─── DATA TO PROCESS
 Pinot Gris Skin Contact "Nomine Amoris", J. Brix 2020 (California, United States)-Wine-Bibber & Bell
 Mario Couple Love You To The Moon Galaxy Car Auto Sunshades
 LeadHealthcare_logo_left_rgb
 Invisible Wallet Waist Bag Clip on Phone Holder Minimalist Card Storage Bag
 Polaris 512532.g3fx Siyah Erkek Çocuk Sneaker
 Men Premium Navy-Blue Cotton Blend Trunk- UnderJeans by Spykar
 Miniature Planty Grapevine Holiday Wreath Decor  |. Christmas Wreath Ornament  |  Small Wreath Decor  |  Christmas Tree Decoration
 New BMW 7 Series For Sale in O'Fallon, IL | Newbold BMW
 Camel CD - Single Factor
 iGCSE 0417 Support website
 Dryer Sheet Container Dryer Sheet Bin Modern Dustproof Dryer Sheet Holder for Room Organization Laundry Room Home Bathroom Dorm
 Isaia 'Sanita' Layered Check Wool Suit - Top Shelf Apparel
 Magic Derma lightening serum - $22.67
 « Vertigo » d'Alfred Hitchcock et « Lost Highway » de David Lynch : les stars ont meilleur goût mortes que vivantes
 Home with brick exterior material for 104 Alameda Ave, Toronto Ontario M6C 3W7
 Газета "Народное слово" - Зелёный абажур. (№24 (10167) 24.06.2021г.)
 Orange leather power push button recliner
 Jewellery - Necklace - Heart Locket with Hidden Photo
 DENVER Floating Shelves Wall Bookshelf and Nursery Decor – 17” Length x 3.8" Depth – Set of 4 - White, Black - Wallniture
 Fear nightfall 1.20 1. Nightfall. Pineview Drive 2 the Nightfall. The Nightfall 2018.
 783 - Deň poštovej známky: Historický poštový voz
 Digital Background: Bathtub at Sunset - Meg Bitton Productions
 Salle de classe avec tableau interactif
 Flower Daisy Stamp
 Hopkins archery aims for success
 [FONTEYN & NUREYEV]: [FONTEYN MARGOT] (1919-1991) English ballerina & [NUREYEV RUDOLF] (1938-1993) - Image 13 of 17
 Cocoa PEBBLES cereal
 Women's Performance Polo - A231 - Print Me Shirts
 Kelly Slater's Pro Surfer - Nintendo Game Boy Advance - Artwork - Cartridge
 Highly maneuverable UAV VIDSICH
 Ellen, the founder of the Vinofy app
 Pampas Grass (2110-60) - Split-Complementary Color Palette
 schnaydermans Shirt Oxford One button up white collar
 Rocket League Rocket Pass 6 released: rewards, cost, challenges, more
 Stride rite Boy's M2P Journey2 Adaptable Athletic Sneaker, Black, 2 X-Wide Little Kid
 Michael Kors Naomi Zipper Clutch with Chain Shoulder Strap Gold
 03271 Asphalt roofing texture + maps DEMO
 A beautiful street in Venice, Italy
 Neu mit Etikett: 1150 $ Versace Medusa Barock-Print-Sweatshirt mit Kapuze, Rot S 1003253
──────
### [ACTION ITEM]
The entries above, copied exactly, form the whole answer.

### [REPLY]
 Pinot Gris Skin Contact "Nomine Amoris", J. Brix 2020 (California, United States)-Wine-Bibber & Bell
 Mario Couple Love You To The Moon Galaxy Car Auto Sunshades
 LeadHealthcare_logo_left_rgb
 Invisible Wallet Waist Bag Clip on Phone Holder Minimalist Card Storage Bag
 Polaris 512532.g3fx Siyah Erkek Çocuk Sneaker
 Men Premium Navy-Blue Cotton Blend Trunk- UnderJeans by Spykar
 Miniature Planty Grapevine Holiday Wreath Decor  |. Christmas Wreath Ornament  |  Small Wreath Decor  |  Christmas Tree Decoration
 New BMW 7 Series For Sale in O'Fallon, IL | Newbold BMW
 Camel CD - Single Factor
 iGCSE 0417 Support website
 Dryer Sheet Container Dryer Sheet Bin Modern Dustproof Dryer Sheet Holder for Room Organization Laundry Room Home Bathroom Dorm
 Isaia 'Sanita' Layered Check Wool Suit - Top Shelf Apparel
 Magic Derma lightening serum - $22.67
 « Vertigo » d'Alfred Hitchcock et « Lost Highway » de David Lynch : les stars ont meilleur goût mortes que vivantes
 Home with brick exterior material for 104 Alameda Ave, Toronto Ontario M6C 3W7
 Газета "Народное слово" - Зелёный абажур. (№24 (10167) 24.06.2021г.)
 Orange leather power push button recliner
 Jewellery - Necklace - Heart Locket with Hidden Photo
 DENVER Floating Shelves Wall Bookshelf and Nursery Decor – 17” Length x 3.8" Depth – Set of 4 - White, Black - Wallniture
 Fear nightfall 1.20 1. Nightfall. Pineview Drive 2 the Nightfall. The Nightfall 2018.
 783 - Deň poštovej známky: Historický poštový voz
 Digital Background: Bathtub at Sunset - Meg Bitton Productions
 Salle de classe avec tableau interactif
 Flower Daisy Stamp
 Hopkins archery aims for success
 [FONTEYN & NUREYEV]: [FONTEYN MARGOT] (1919-1991) English ballerina & [NUREYEV RUDOLF] (1938-1993) - Image 13 of 17
 Cocoa PEBBLES cereal
 Women's Performance Polo - A231 - Print Me Shirts
 Kelly Slater's Pro Surfer - Nintendo Game Boy Advance - Artwork - Cartridge
 Highly maneuverable UAV VIDSICH
 Ellen, the founder of the Vinofy app
 Pampas Grass (2110-60) - Split-Complementary Color Palette
 schnaydermans Shirt Oxford One button up white collar
 Rocket League Rocket Pass 6 released: rewards, cost, challenges, more
 Stride rite Boy's M2P Journey2 Adaptable Athletic Sneaker, Black, 2 X-Wide Little Kid
 Michael Kors Naomi Zipper Clutch with Chain Shoulder Strap Gold
 03271 Asphalt roofing texture + maps DEMO
 A beautiful street in Venice, Italy
 Neu mit Etikett: 1150 $ Versace Medusa Barock-Print-Sweatshirt mit Kapuze, Rot S 1003253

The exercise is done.